- **ASSIGNED TASK**: Output the complete listing exactly, please, and keep the pictures out of it.

- **SUPPLIED MATERIAL**:
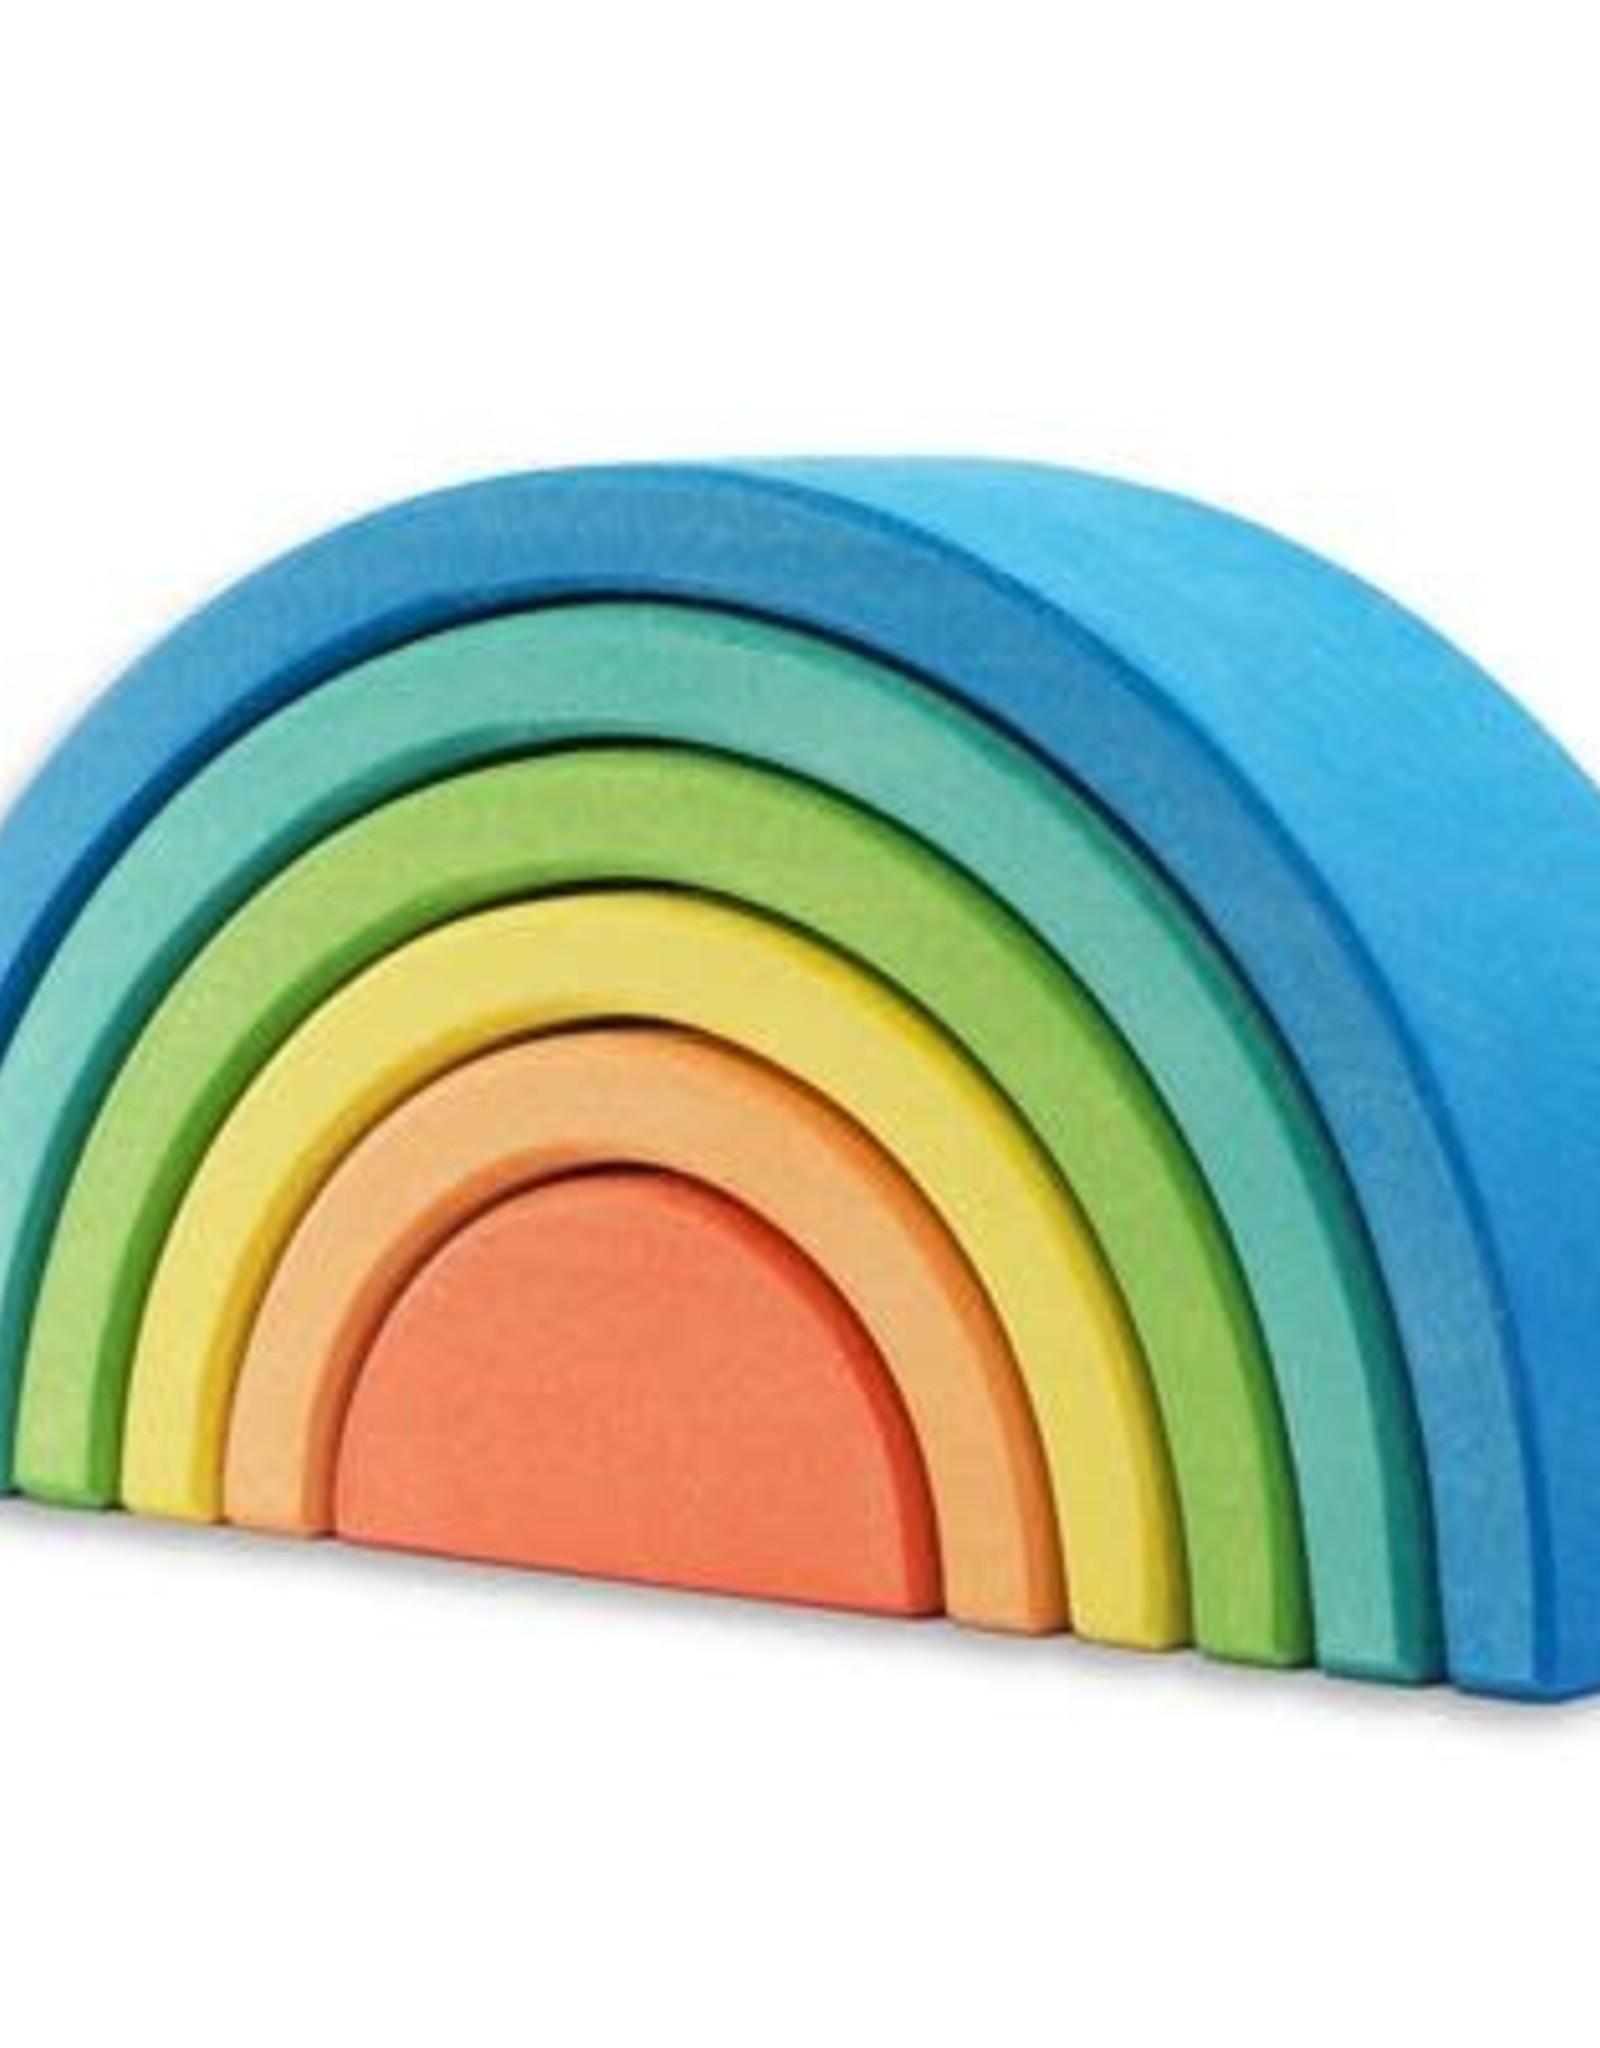 Ocamora 6 Piece Wooden Rainbow Stacker - Blue
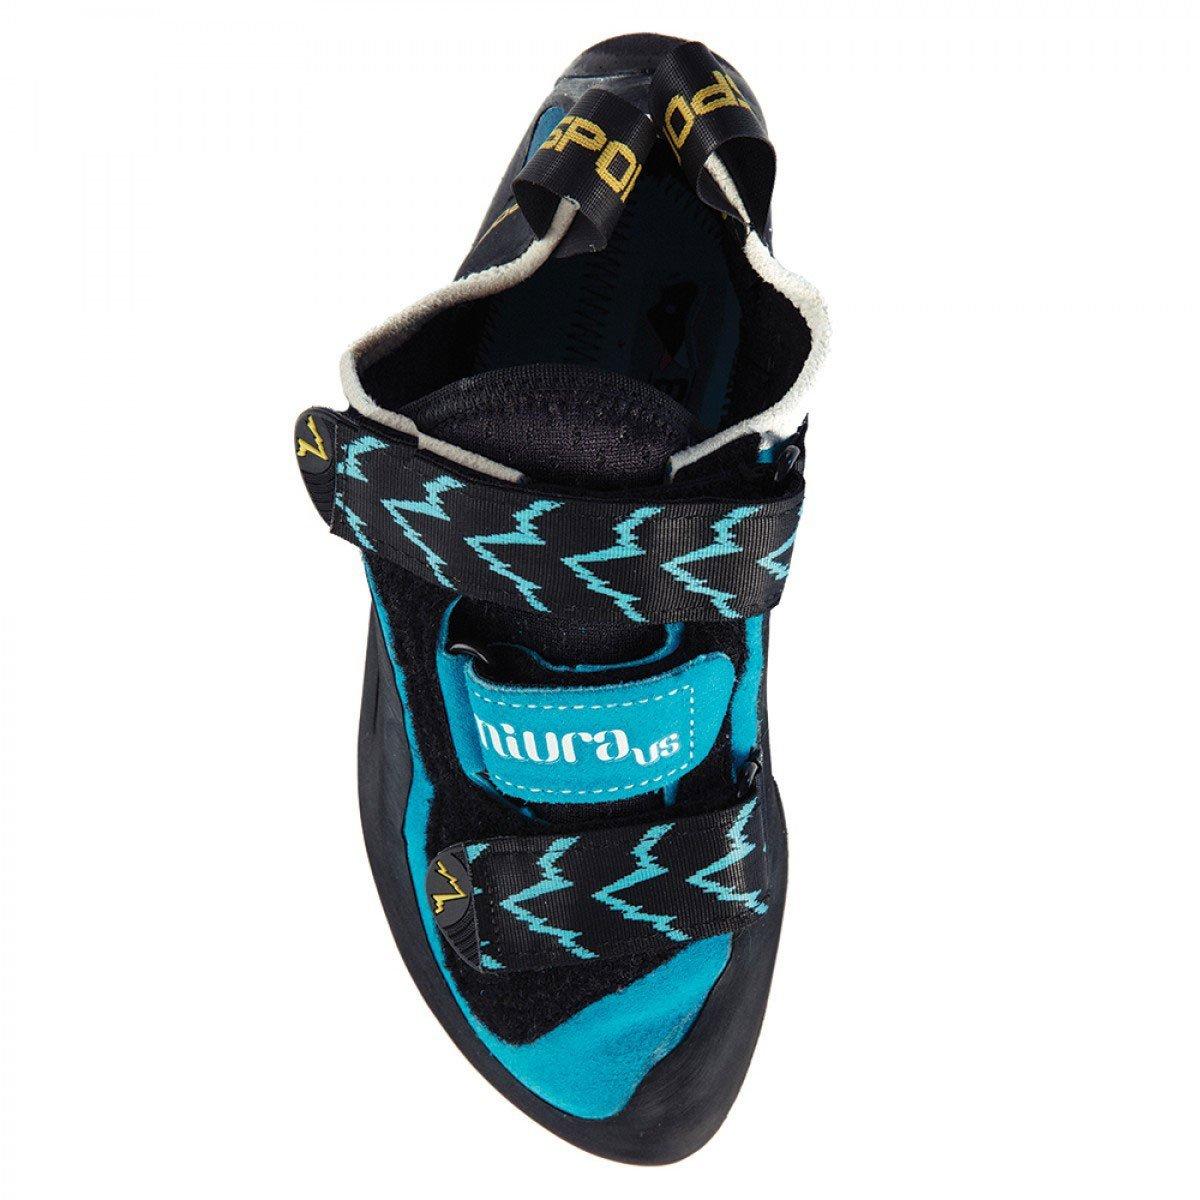 La Sportiva - Miura VS Climbing Shoe - Sportiva Women's B01B6JHX1M 41.5 M EU|Blue ea7895
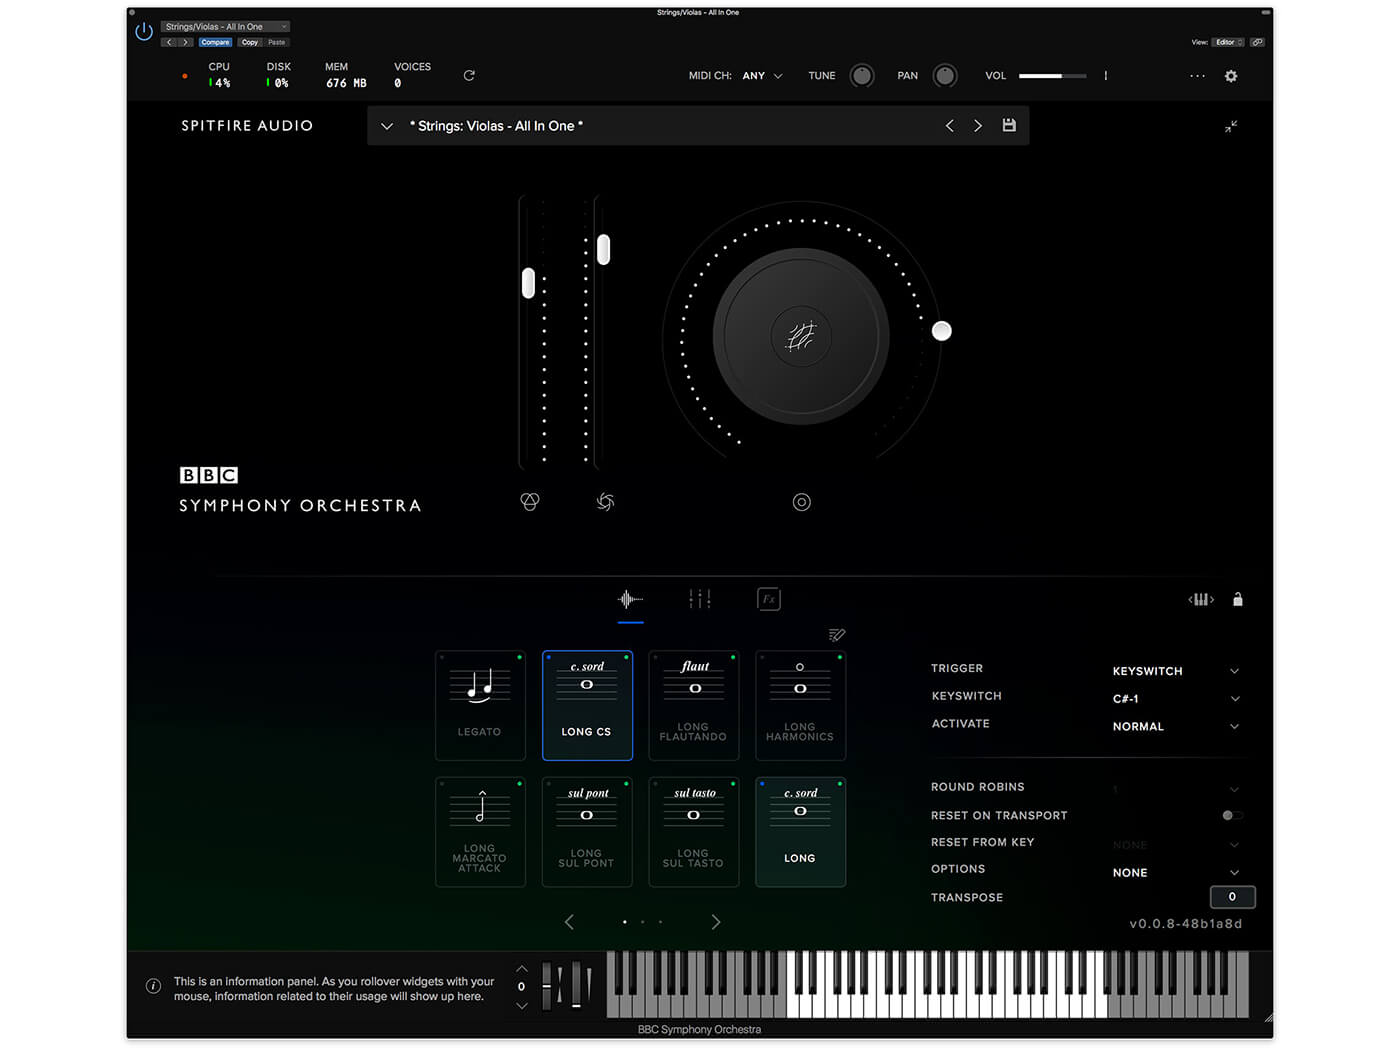 Spitfire Audio BBC Symphony Orchestra (UI)
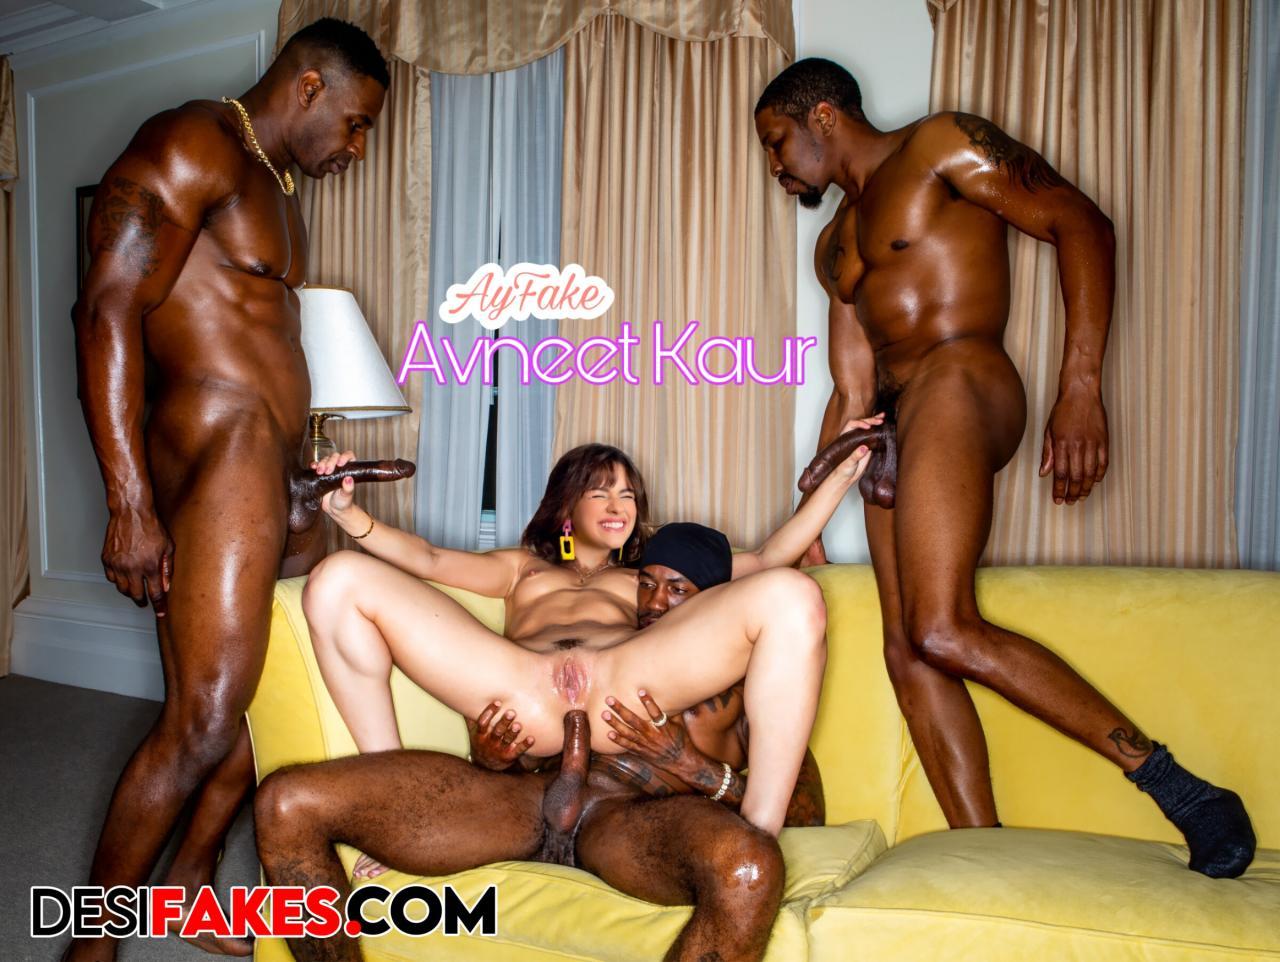 Avneet Kaur Nude Sexy Picks

- **SOLUTION TO THE PROBLEM**:
 Ocamora 6 Piece Wooden Rainbow Stacker - Blue
 La Sportiva - Miura VS Climbing Shoe - Sportiva Women's B01B6JHX1M 41.5 M EU|Blue ea7895
 Spitfire Audio BBC Symphony Orchestra (UI)
 Avneet Kaur Nude Sexy Picks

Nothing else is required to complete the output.